ヴィリー・ヘロルト(ドイツ語: Willi Herold, 1925年9月11日 – 1946年11月14日)は、ドイツの兵士。第二次世界大戦末期、一兵卒でありながら将校の身分を詐称し、多数の敗残兵を指揮下に収め、彼らと共に収容所を不当に支配して囚人の虐殺を行った事で知られ、「エムスラントの処刑人(Der Henker vom Emsland)」の異名で呼ばれた。(「ヴィリー・ヘロルト」by Wikipedia)

戦時の混乱があったからこそ

初めの内は、「いつバレるのかバレたらどうしよう」とドキドキしながら見ていたのに、「いいかげんバレろや!」と叫びたくなった。

1945年4月は第二次世界大戦終戦直前の話。統制されていたはずのナチスドイツも後方に行くに従いどんどん規律が乱れてくる。当然、脱走兵も現れる。軍服の本当の持ち主はどこへ行ったのだろう。とにかくヘロルトは「形」を手に入れた。

身分証明は当然あるわけだが、終戦直前だったからこそ無法地帯に近かった。無法社会は恐い。戦争のせい、というよりも、人間は枠から外れたらこんなになってしまうのかって……。

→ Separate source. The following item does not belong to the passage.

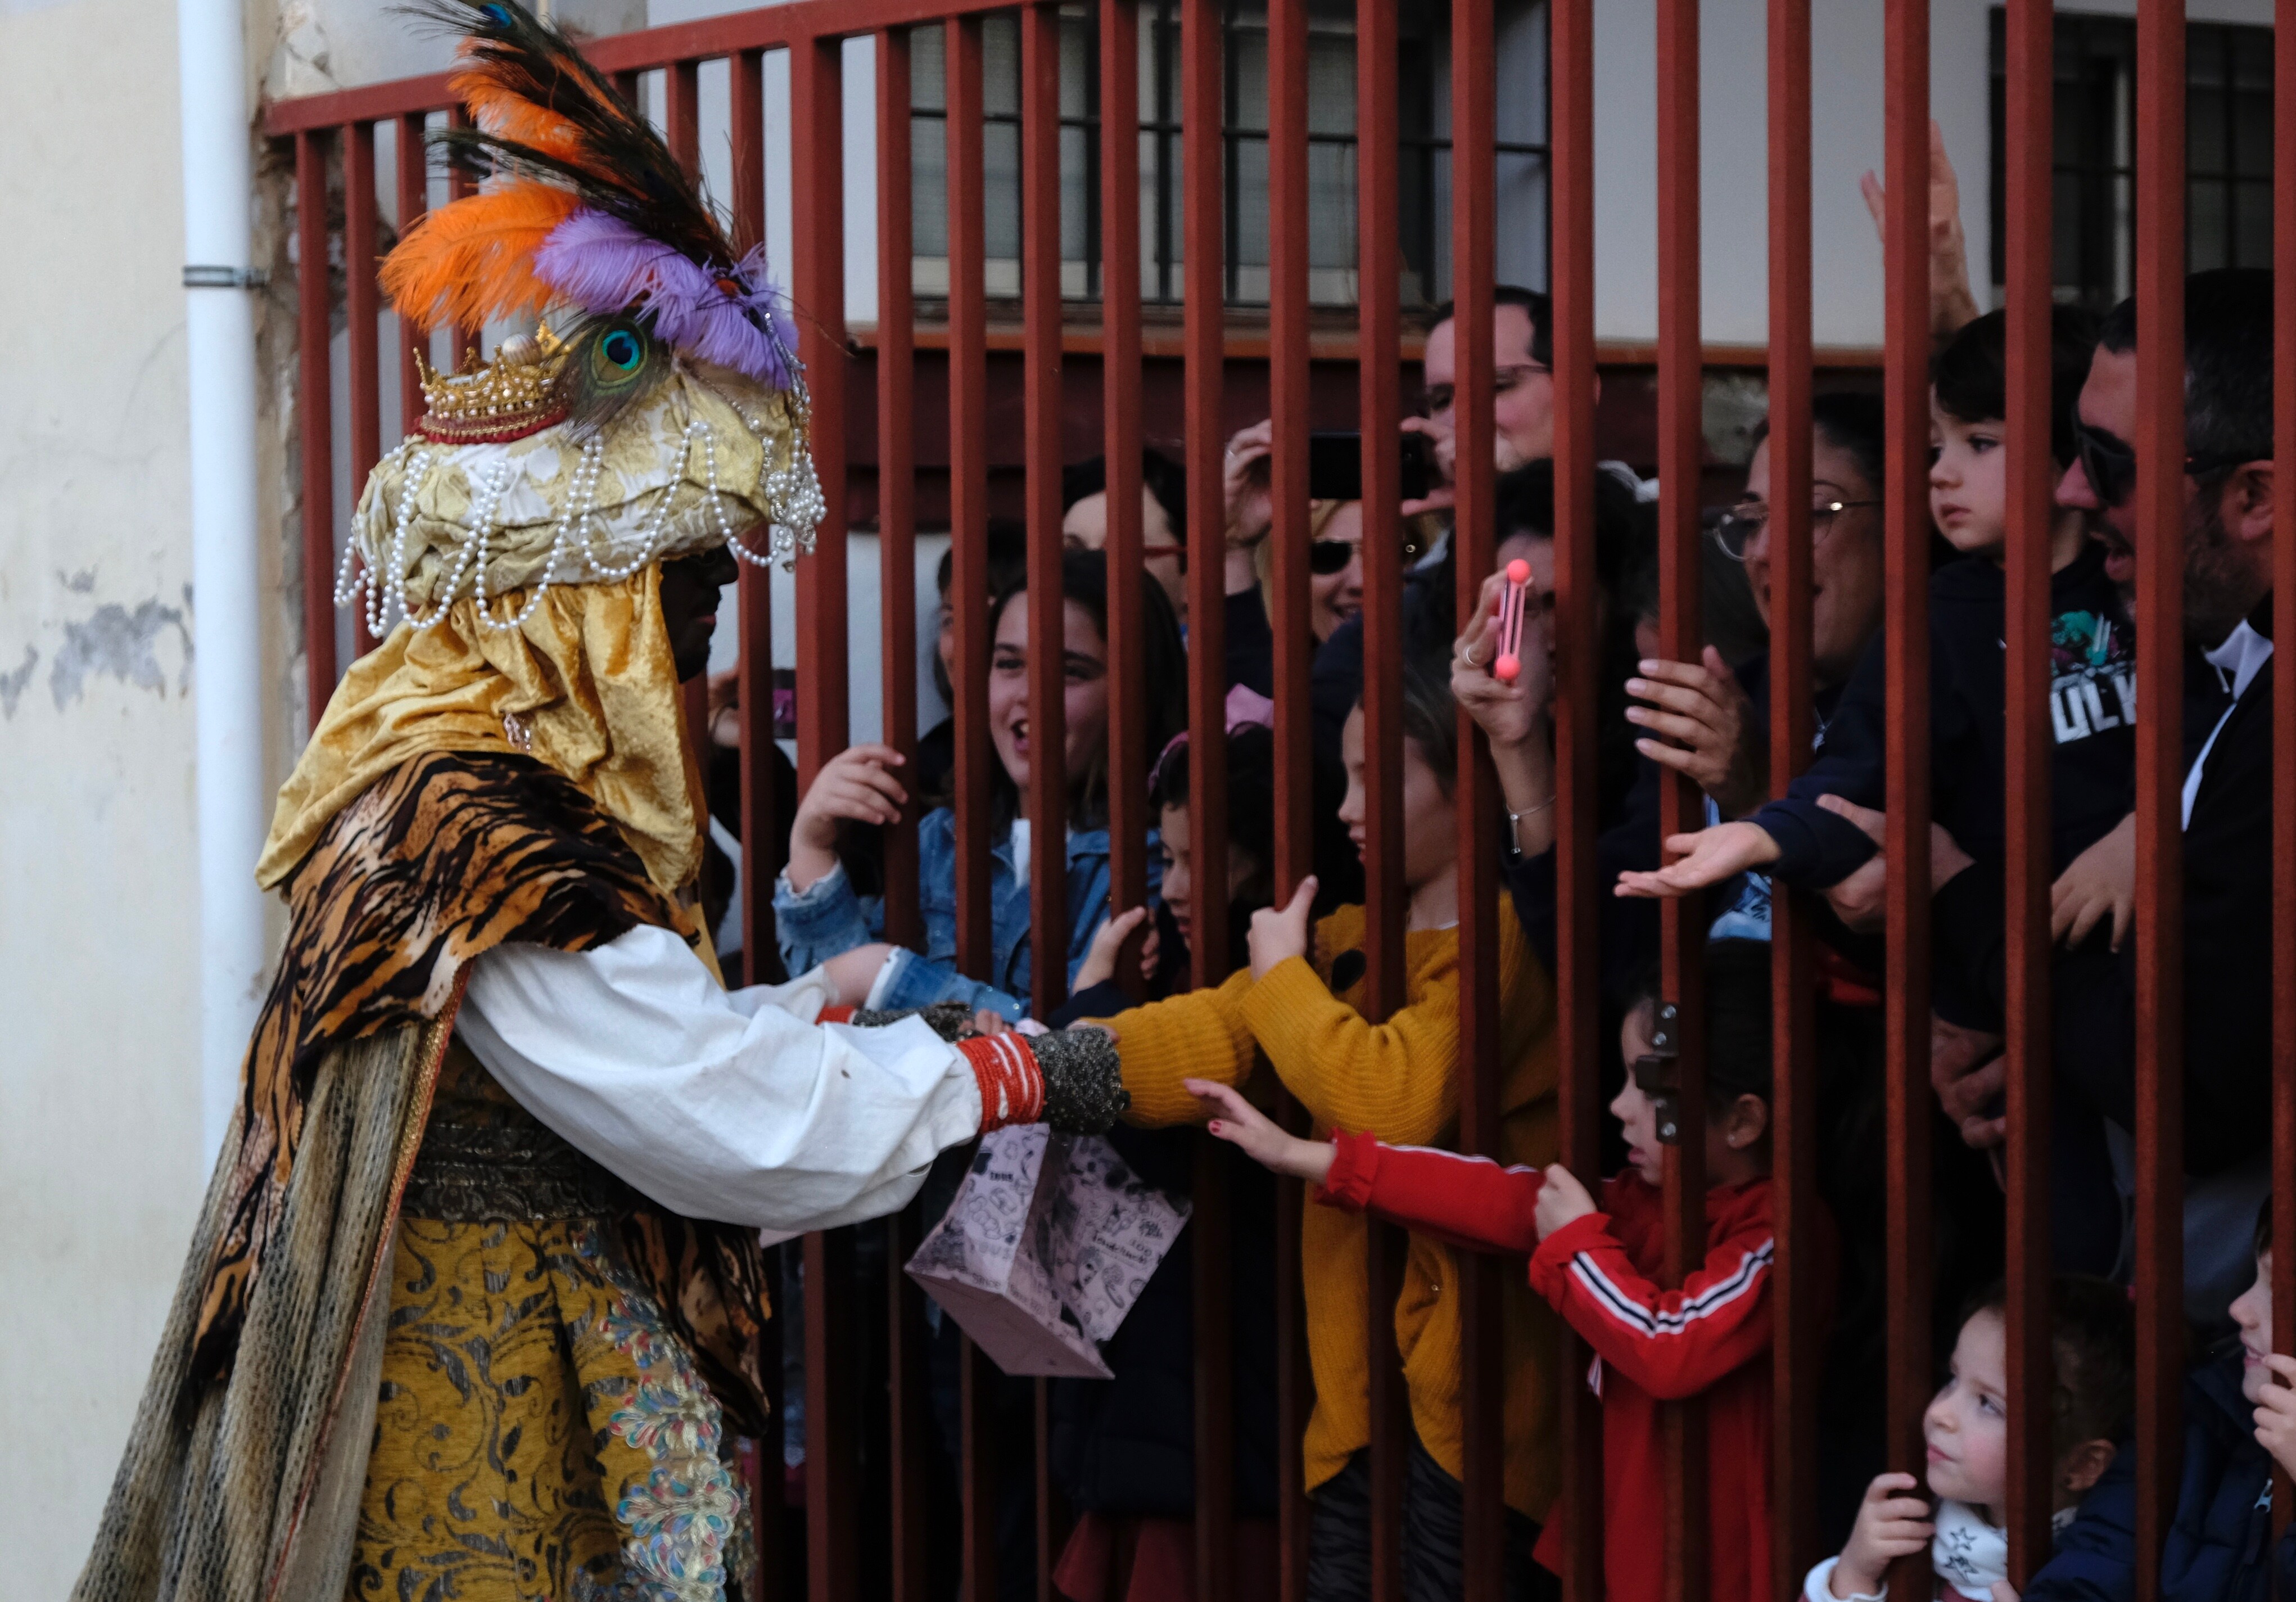 In pictures: Three Kings parade in Malaga's Cruz del Humilladero district

そして、人間一個を印象付けるのは「形」なんだなって。

そしてヘロルトは恐らく、みんなが望む通りに執行した結果、出来上がった悪魔だったのだと思う。

美しいから惨酷

氷のように青白く冷たい画。そこで起きる凄惨な描写はホラーよりも恐ろしい。

小さな嘘はバレなければエスカレートしていく。

人間の残虐性はどこまで成長するのか。観たくないものをイライラしながら観察する名作。

 

 


以下ネタバレ感想

 

脱輪した車と、大尉の軍服を見つけたのが始まり。

 
「大尉殿の服の丈が合って良かったです……」

最初に付いてきた脱走兵も、後から合流した脱走兵も、みんな気づいていたでしょ。ヘロルトが脱走兵である事。
 

脱走兵たちは、ヘロルトと出会って付いていくことで「部隊に所属して脱走の処罰を免れる」という名目を見つける。
 
収容所では、どうせ金もなくて囚人の扱いに手をこまねいていた。邪魔な上官も処分できて一石二鳥。ヘロルトが偽物だろうが、面倒を片づけてくれる人材がいればそれで良かった。

しかし、ヘロルトは暴走しすぎ、たくさん殺しすぎた。

抵抗のない人間を骨の山にすることは、すでに悪魔の所業。

 
結局、あの収容所からは195人の遺骨が回収されたという。

こんなに共感できず、早く捕まれと祈りながら見る主人公は滅多にいない。

それでも、彼の中に時折「自由」を感じてしまうのだから、人間って恐い。